Tanto las prudentes como las necias están igualmente en el Reino, solo que las necias permanecerán en el Reino en la tierra: “En aquel entonces el reino de los cielos será semejante a diez vírgenes ... cinco necias, y cinco prudentes ...” (San Mateo XXV, 1-2). El Reino de Dios será semejante a las diez vírgenes, es decir, a cinco prudentes, y cinco necias. ¿Cómo entender esto? ¿No parece haber una contradicción?

“Llegado el Esposo las diez vírgenes salieron a su encuentro con sus lámparas” (San Mateo XXV, 1). Si bien todas llevaban lámparas no todas llevaban aceite (cf. San Mateo XXV, 2-4). Todas tenían la misma fe (todas aceptaban el dogma de la Parusía), pero no todas tenían igual preparación para recibir al Esposo en la Parusía.

En la historia de la Santa Iglesia Católica, los fieles somos, de alguna manera u otra, culpables por no habernos preparado adecuadamente para la segunda venida de Nuestro Señor. ¿Estamos preparados? En los últimos tiempos Dios ya no espera más a nadie.

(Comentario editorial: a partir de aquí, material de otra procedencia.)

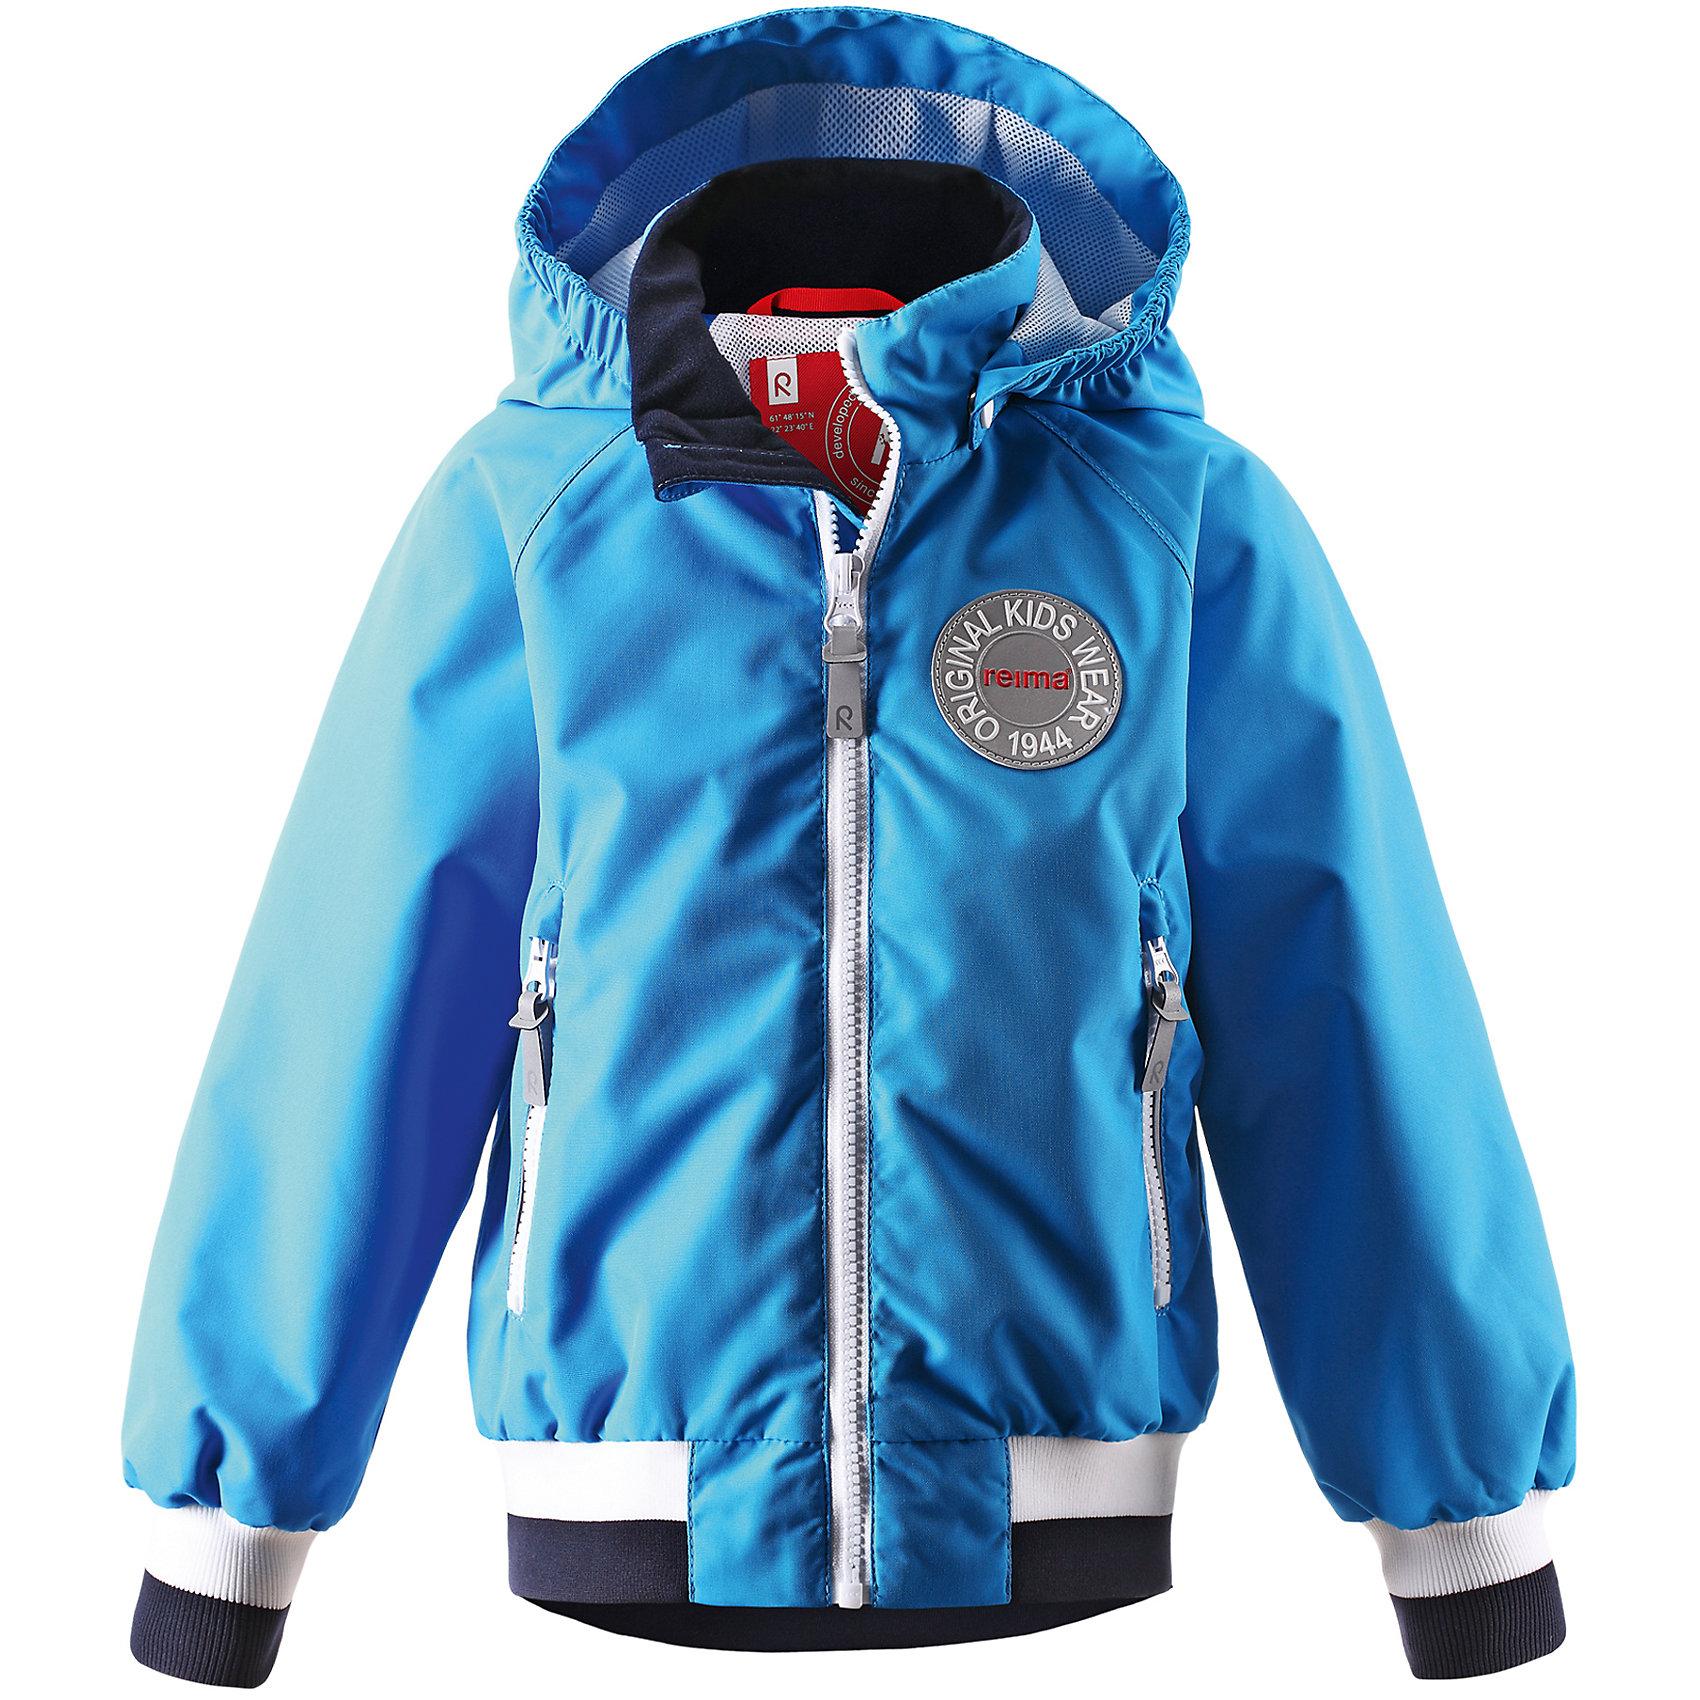 Куртка ReimaКуртка от финской марки Reima.<br>Куртка демисезонная для подростков. Основные швы проклеены и не пропускают влагу. Водоотталкивающий, ветронепроницаемый, «дышащий» и грязеотталкивающий материал. Подкладка из mesh-сетки. Безопасный, съемный капюшон. Приятная на ощупь резинка на манжетах и подоле. Два кармана на молнии. Безопасные светоотражающие детали.<br>Состав:<br>100% ПЭ, ПУ-покрытие<br><br>Ширина мм: 356<br>Глубина мм: 10<br>Высота мм: 245<br>Вес г: 519<br>Цвет: голубой<br>Возраст от месяцев: 96<br>Возраст до месяцев: 108<br>Пол: Унисекс<br>Возраст: Детский<br>Размер: 134,146,128,140,152<br>SKU: 4653218

Del fervor y santa ansiedad de los primeros cristianos por ver nuevamente al Señor se pasó a un enfriamiento progresivo de las generaciones subsiguientes hasta caer la Parusía prácticamente en el olvido: “Como el esposo tardaba, todas sintieron sueño y se durmieron” (San Mateo XXV, 5). Con el paso del tiempo, muy sutilmente, el enemigo el diablo fue quitando de los corazones de los católicos el deseo ardiente que de Jesús regrese pronto.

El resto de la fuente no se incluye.